1210

Note the review on the homepage under the Lectures button at the top of the page.

At the end of the Assignments page is a link to lecture notes from Fall 02.  The Class 1213 notes contain many problems from a practice final, starting about halfway down the page.  The material that precedes the practice final questions might be useful also.

A 117-cm pendulum starts out 10 cm from equilibrium, to the left of equilibrium, at t = 0.

It is given enough velocity that it swings out to a 15 cm displacement before beginning its return to equilibrium.

What speed did it have at the 10 cm position?

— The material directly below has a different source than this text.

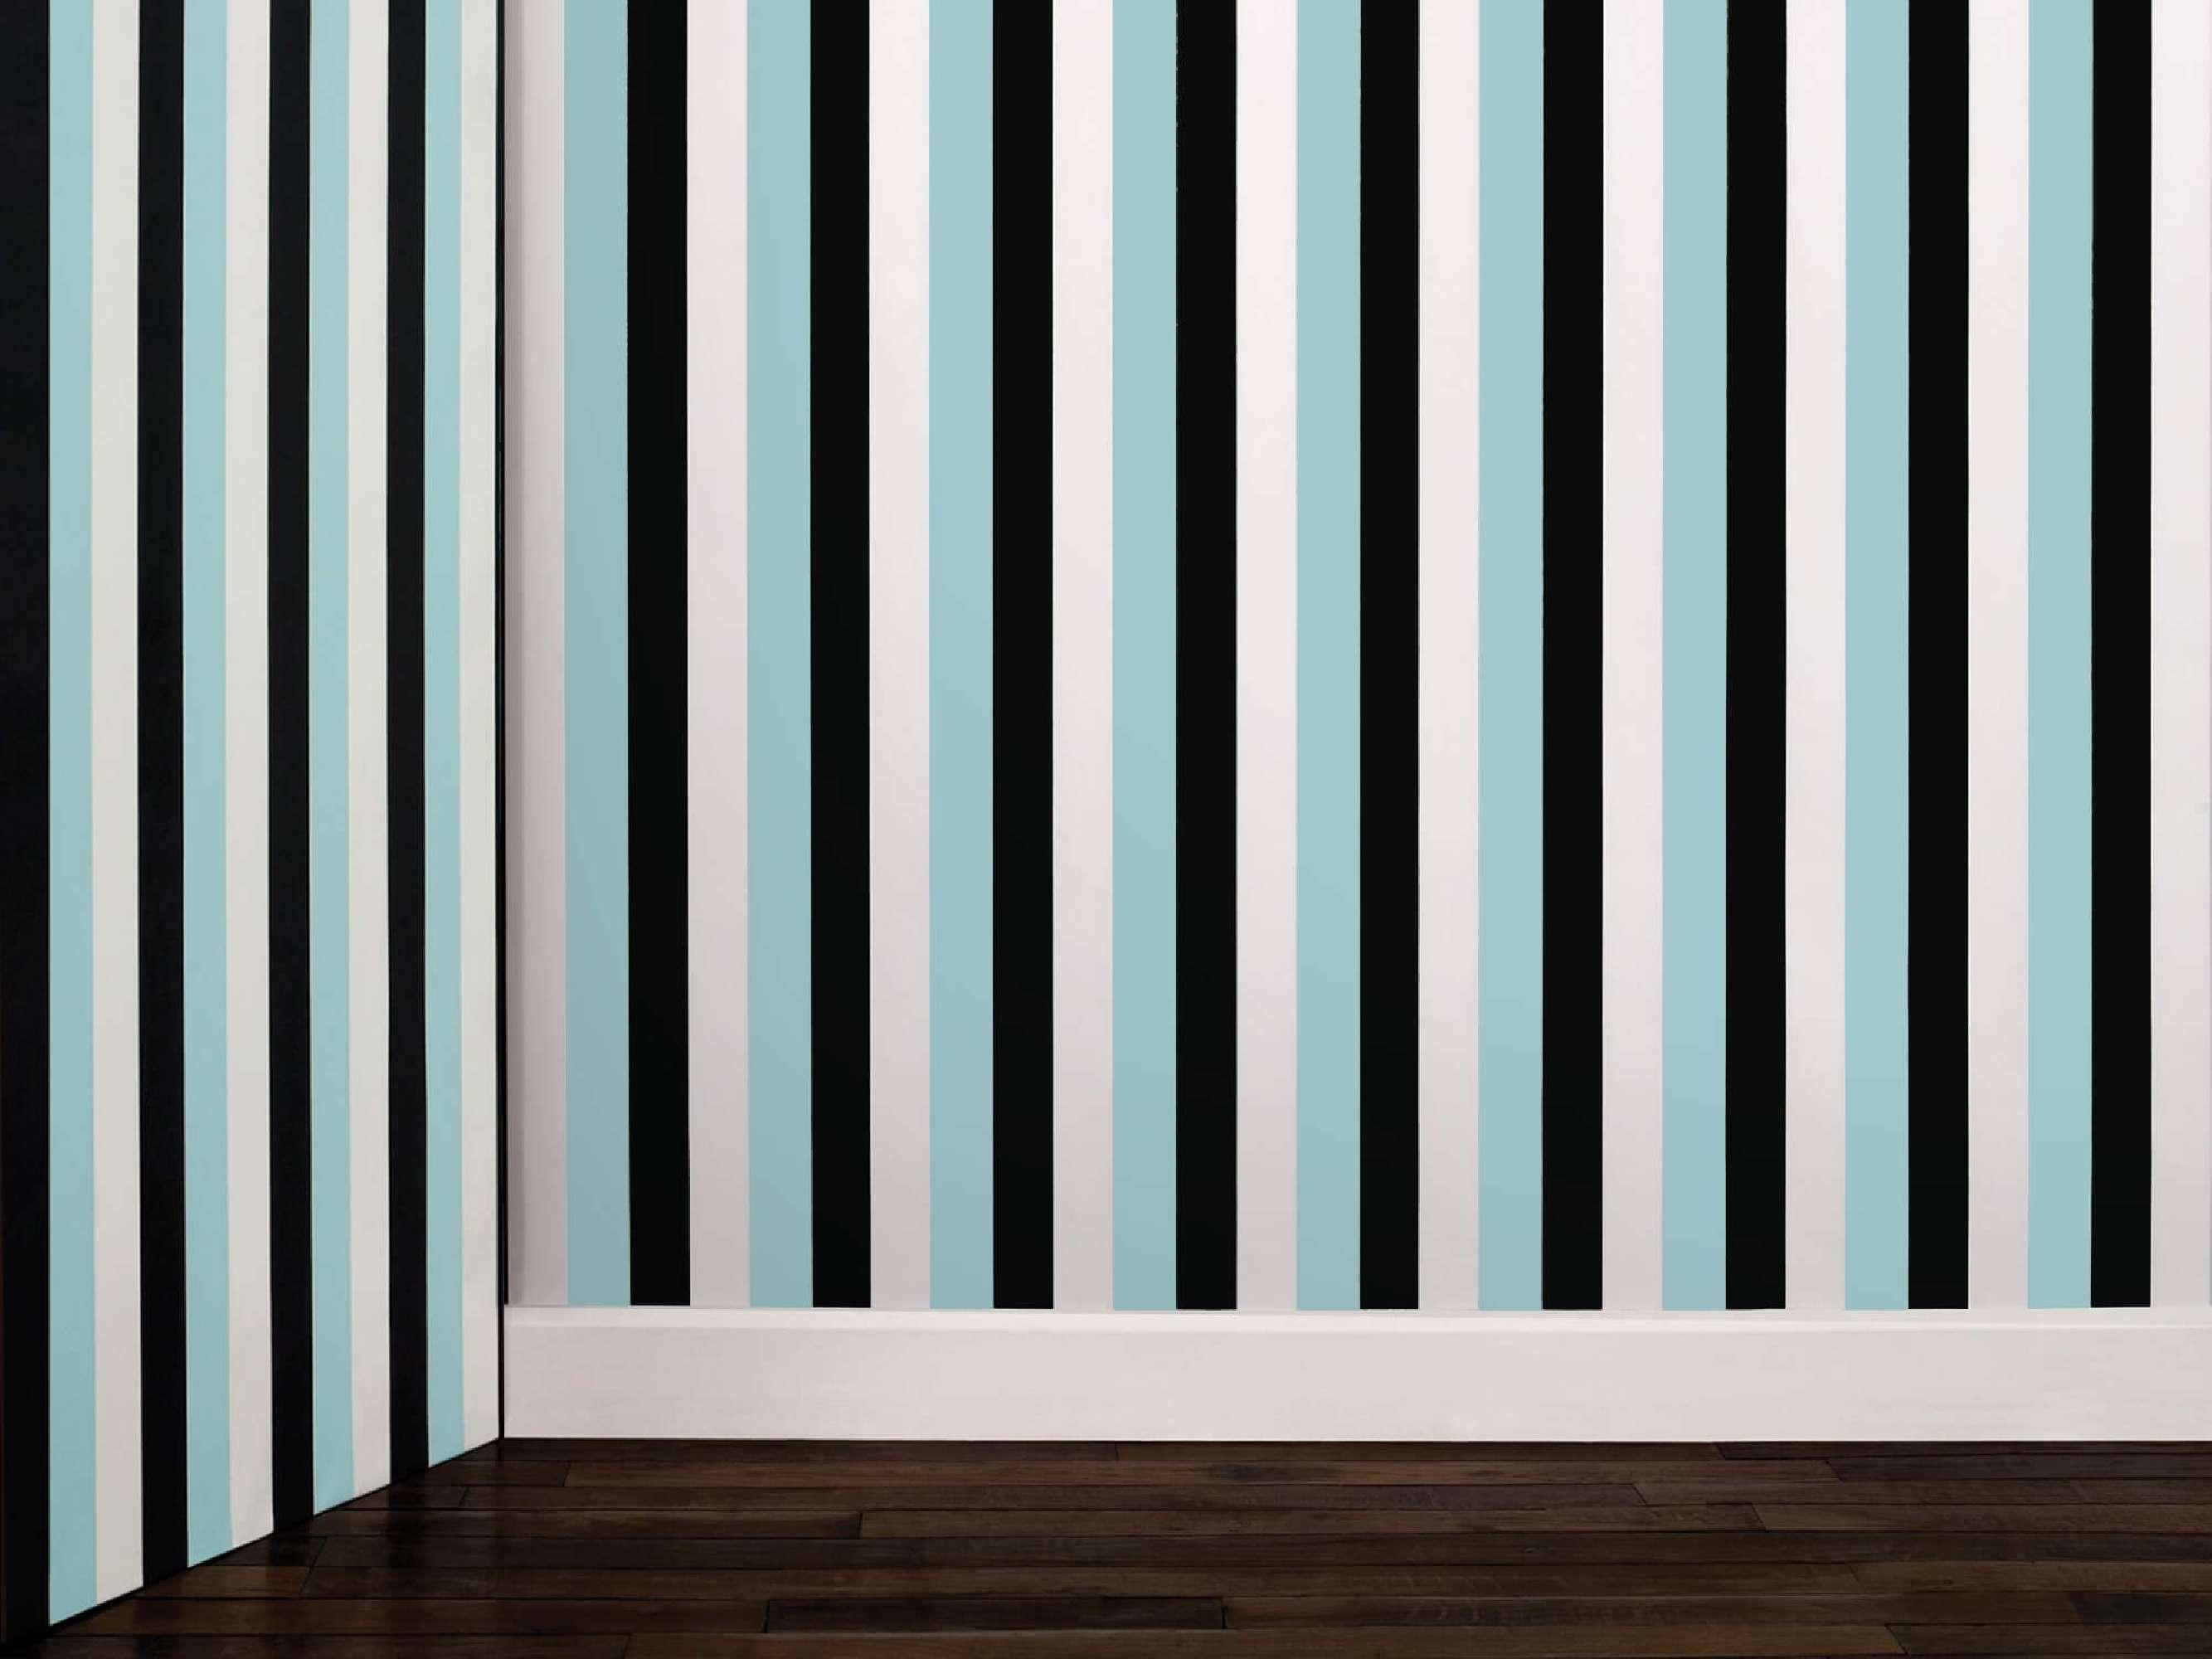 Papier peint linéaire au couleur bleu noir etr blanc le jour et noir et vert phosphorescent la nuit, design ich&kar

Listing things we know about this situation:

• Max displacement will be 15 cm.
• Mass is 1 kg.
• Length is 117 cm.
• g = 9.8 m/s^2.

Shoulda been listed first, before you even finished reading the problem:

• omega = sqrt(k/m)
• k = m g / L

Shoulda been listed promptly:

• PE = .5 k x^2

We are interested in something that has to do with the 10 cm and 15 cm positions.  It would be easy and reasonable to find the PE at both of these points.

We first note that k = m g / L = 1 kg * 9.8 m/s^2 / 1.17 m = 8.3 N / m, approx..

We obtain

• PE at 10 cm position = .042 J
• PE at 15 cm position = .094 J approx..

We assume that there are no dissipative forces.  In this case `dPE = - `dKE.

We conclude that from the 10 cm position to the 15 cm position we have `dKE = .042 J - .094 J = -.052 J.

We know also that the KE at the 15 cm position is 0.

From this we conclude that the KE at the 10 cm position musta been .052 J.  That's the only way it's gonna lose .052 J and end up with KE = 0.

We now easily find the velocity at the 10 cm position.  We have KE = .052 J so

• .5 m v^2 = KE, telling us that
• v = sqrt( 2 KE / m) = sqrt( 2 * .052 J / (1 kg) ) = .32 m/s.

Describe in detail the reference-circle model for this motion.

Angular frequency is omega = sqrt(k/m) = ... = 2.89 rad / sec, approx..

At t = 0 the reference circle position has the characteristic that the vertical line is at x = - 10 cm (this is 10 cm from equilbrium and to the left of equilibrium).

Our reference circle has radius 15 cm.  The reference circle position is therefore in either the second or third quadrant.

If the reference circle position is in the third quadrant the motion will start off to the right.

The angular position at the start is theta_0 = arccos(-10 / 15).

The equation of motion for the SHM is given by

• x = 15 cm cos(2.89 rad/s * t + theta_0).